From Gush to Flush: The Life Cycle of Water

Every day the sun draws zillions of tons of water vapor from the ocean, lakes, rivers, etc. If we could shut off the sun we could prevent all this water vapor loss. But…

By some miraculous process, this vapor gathers into clouds that drift across the earth’s surface and, at a given signal, pour their contents wherever they happen to be. Drizzle, rain, hail, spit or snow it down on us. Topography, like mountain ranges, and a cooler land mass (as in hurricanes) influence where the clouds will empty out. However, in the past human attempts to redirect rainfall to dry areas (cloud seeding) have often met with grief.

A free gift from heaven, precipitation falls where it wills.

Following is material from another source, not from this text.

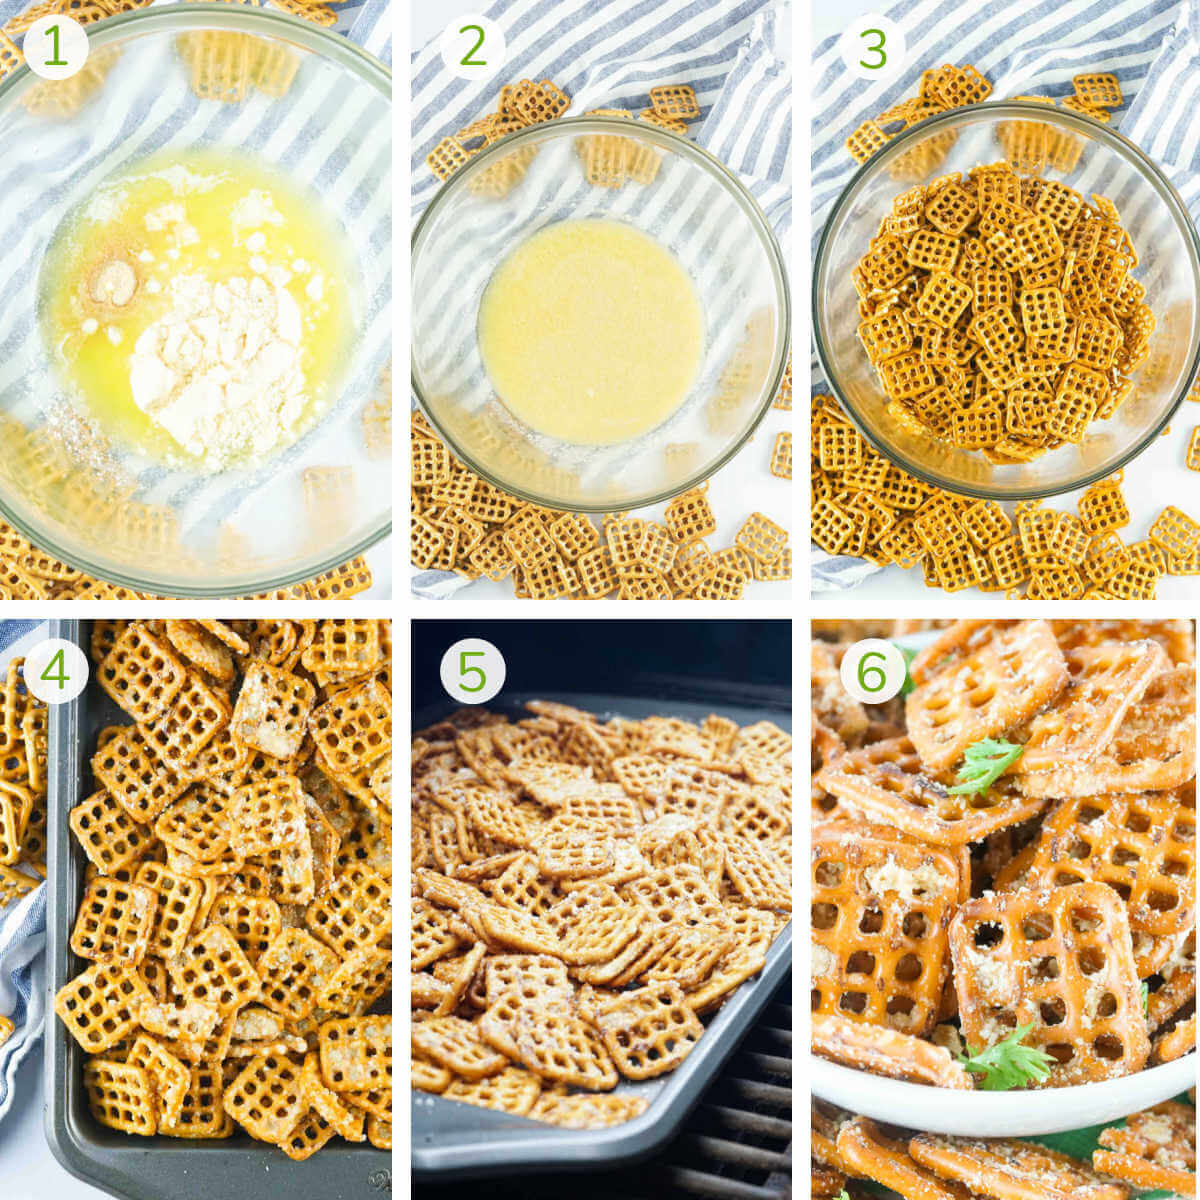 six photos showing how to prepare the seasoning, smoking and serving the pretzels.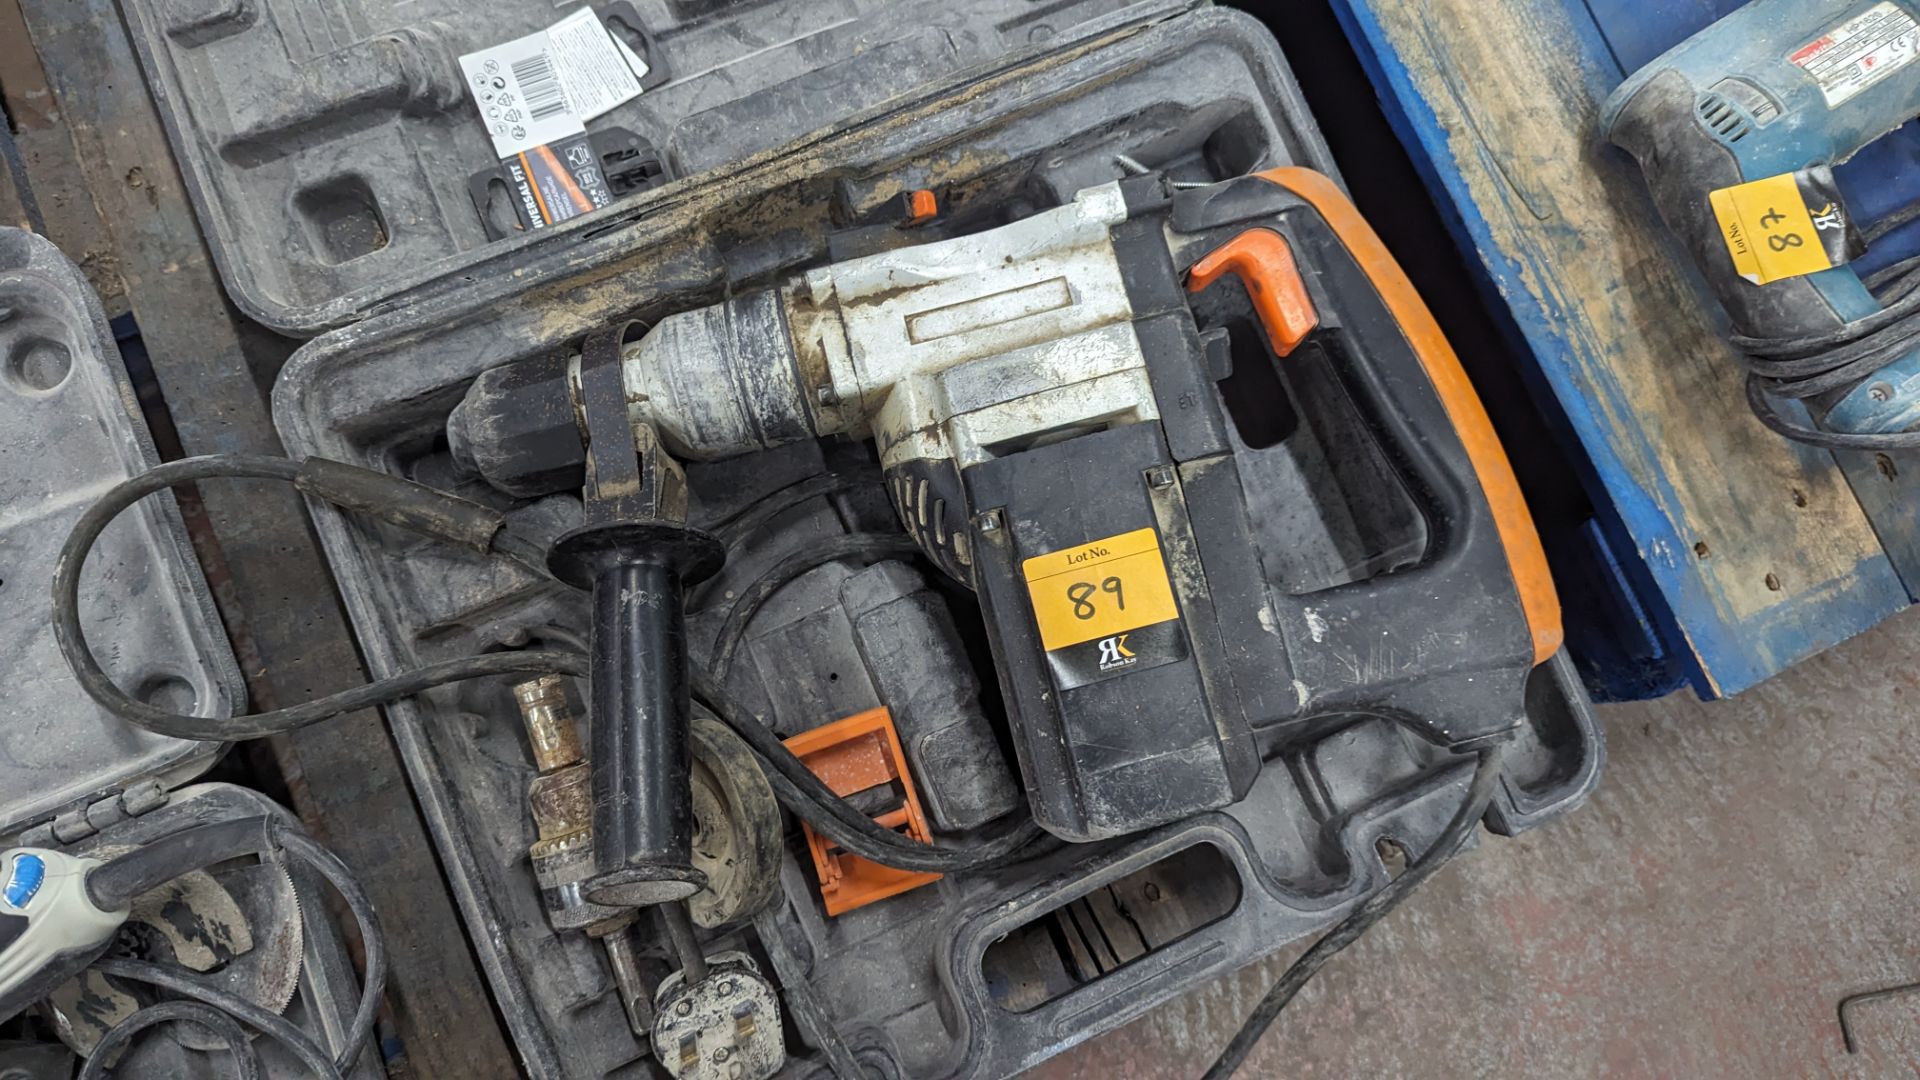 Challenge model EH32XD-1 heavy duty hammer drill in case - Image 6 of 6

It fills mountain streams, rivers, lakes, soaks into the land, replenishes underground springs. Water is absorbed by tree roots and drawn up into leaves that give off water vapor. Farmers draw from underground aquifers to irrigate their land. Cities draw water from said sources and people use it.

We water our gardens and lawns and the water is drawn up through plant roots and later evaporated by the wind. Thus it finds its way back into the cycle. As we hoe the garden or mow the lawn we sweat, and the breeze dries us off, whisking the moisture into the atmosphere to rejoin some cloud somewhere. Just think where all your sweat may travel.

People drink the water, replenish their cells, and urinate the excess. Our bodies are an amazing filtration system. Whether bottled water, tap water, or beverage, we drink it, filter it, and flush it. Really, we should should all do our part and drink lots so we can put more water back into the recycling system. 🙂

Conserve Water: Don’t Bathe

Just think. Every morning all across the continent people use zillions of tons of water to shower and bathe. My washing machine is chugging away as I write this. If we’d stop all this bathing and laundry we’d waste so much less water.

Thankfully, water is never used up. Household water runs down the drain, into the city’s waste disposal system, and — hopefully filtered — back into the rivers and reservoirs. Directly or indirectly it finds its way back into the ocean to begin another cycle of evaporation and precipitation.

We need to treat all natural systems with care, including our water sources, but conservationists shouldn’t resort to fear tactics. Big corporations may well be greedy; it kind-of goes with the territory. Bottling companies make a mega-buck profit selling their goods, and some may be diverting some streams, but they don’t actually destroy the water.

The company can’t keep taking water that isn’t there. If there’s no water in said streams, it’s more likely because there hasn’t been sufficient rainfall in that area to replenish them. At this time the folks in southern Quebec would gladly share theirs, but alas! We’ve not yet found a way to redirect clouds.

In my understanding, the system of evaporation and precipitation was in place when man arrived and will continue to replenish the springs, streams, lakes, and rivers until the end of time. We can dam it, redirect it, and pollute the “container,” but we can’t use it up.

Hockey pucks don’t grow on trees, either. The game goes on.